Given that the primary outcome, and the three secondary outcomes, seem to show clinically significant differences between the groups (all favoring PCI), and yet the p-values are nowhere near statistical significance: doesn’t that mean that the study was likely (woefully) underpowered? I am a PCP and have no dog in this hunt, except what is best for my patients.

Hi Orac
Are you teling me that NONE of these patients did have a blocked blood vessel?
Then what sense does PCI make?
Yours, oliver

It’s a degree of atherosclerosis, not necessarily blockage. Stable indicating that the plaque buildup is there but not a danger of rupture, the plaque is stable. The artery will still have stenosis, and the question is whether or not pci improves flow to better meet demand, or is doing no intervention the same result.

Blockage is a medical emergency.

Unstable angina is a lessened degree of urgency than blockage. Sometimes can be managed with medication, depending on severity.

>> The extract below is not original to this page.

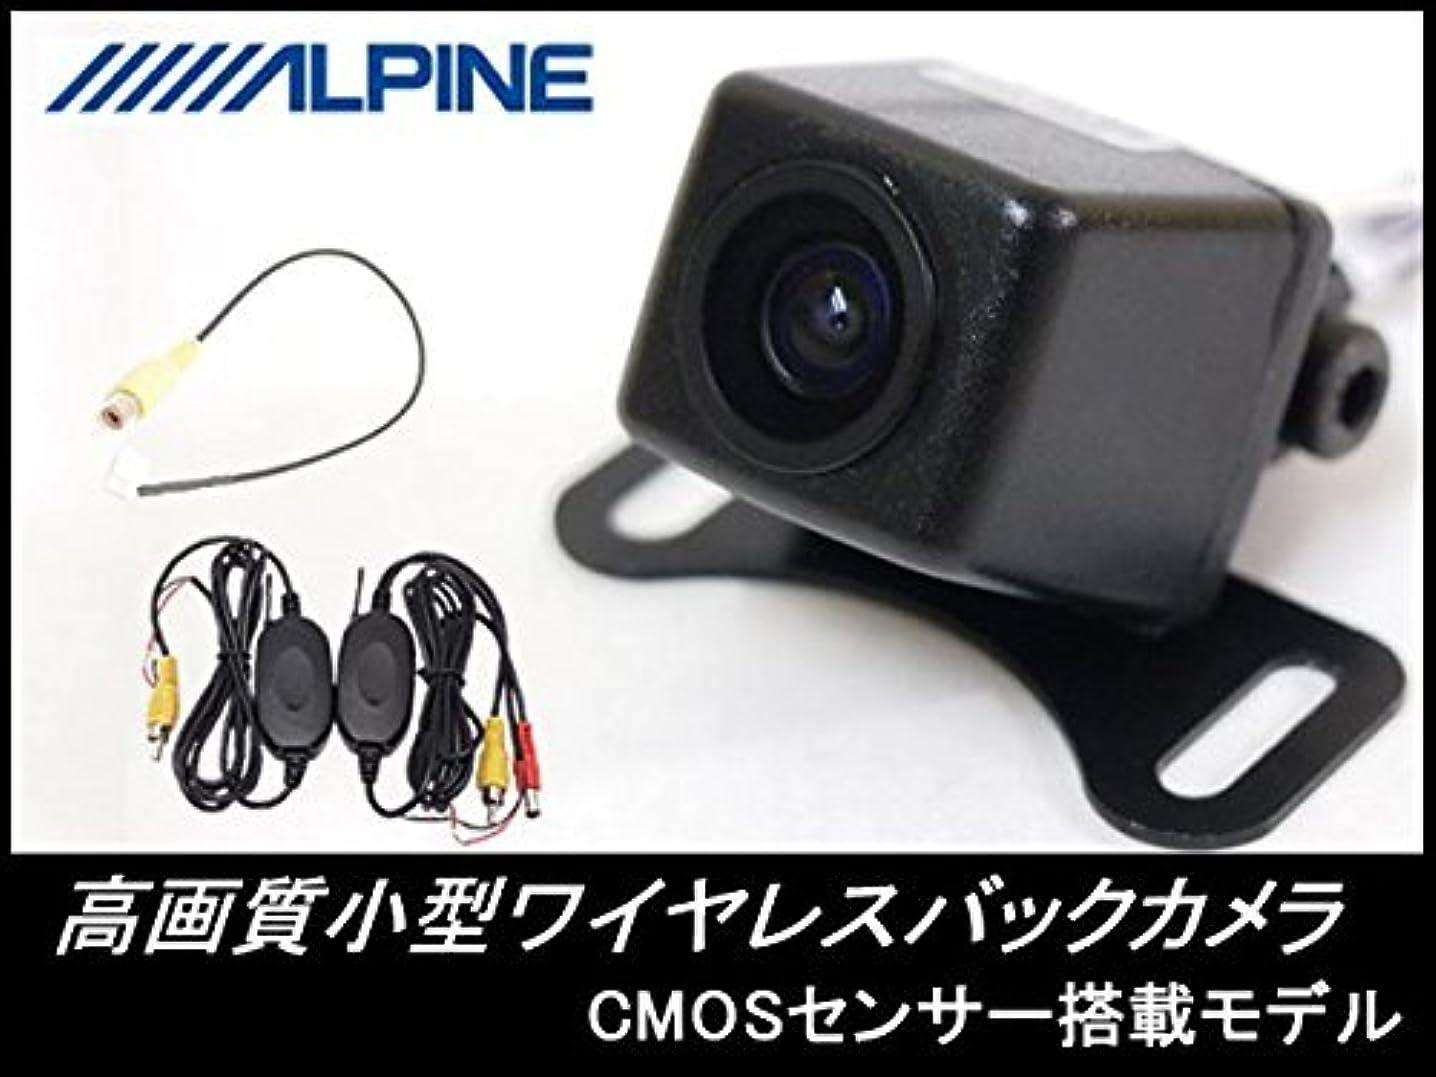 心のこもったメインアクセルステップワゴン 専用設計ナビ 7D-ST 対応 高画質 バックカメラ 車載用バックカメラ 広角170° 超高精細 CMOS センサー/ガイドライン無し 【ワイヤレスキット付】

When I had my angiogram in September, I was disappointed that stents weren’t the answer and that I needed triple bypass surgery. (And lucky for me during prep for surgery they detected afib and put in an oblation snip in for a twofer! Well, threefer if you count getting a free shave.) Then shortly after the surgery I read about this research showing stents less than beneficial as had been thought. I count my lucky stars that my surgeon (Dr. Tyner) did such a superb job and I now feel better by far than I did before the surgery. Luck plays a role, but having a top surgeon who knows his stuff is the best. Keep up the good work

As for all those people who have had stents, another blog post here said it best:

Narns, Humans, Centauri… we all do what we do for the same reason: because it seems like a good idea at the time.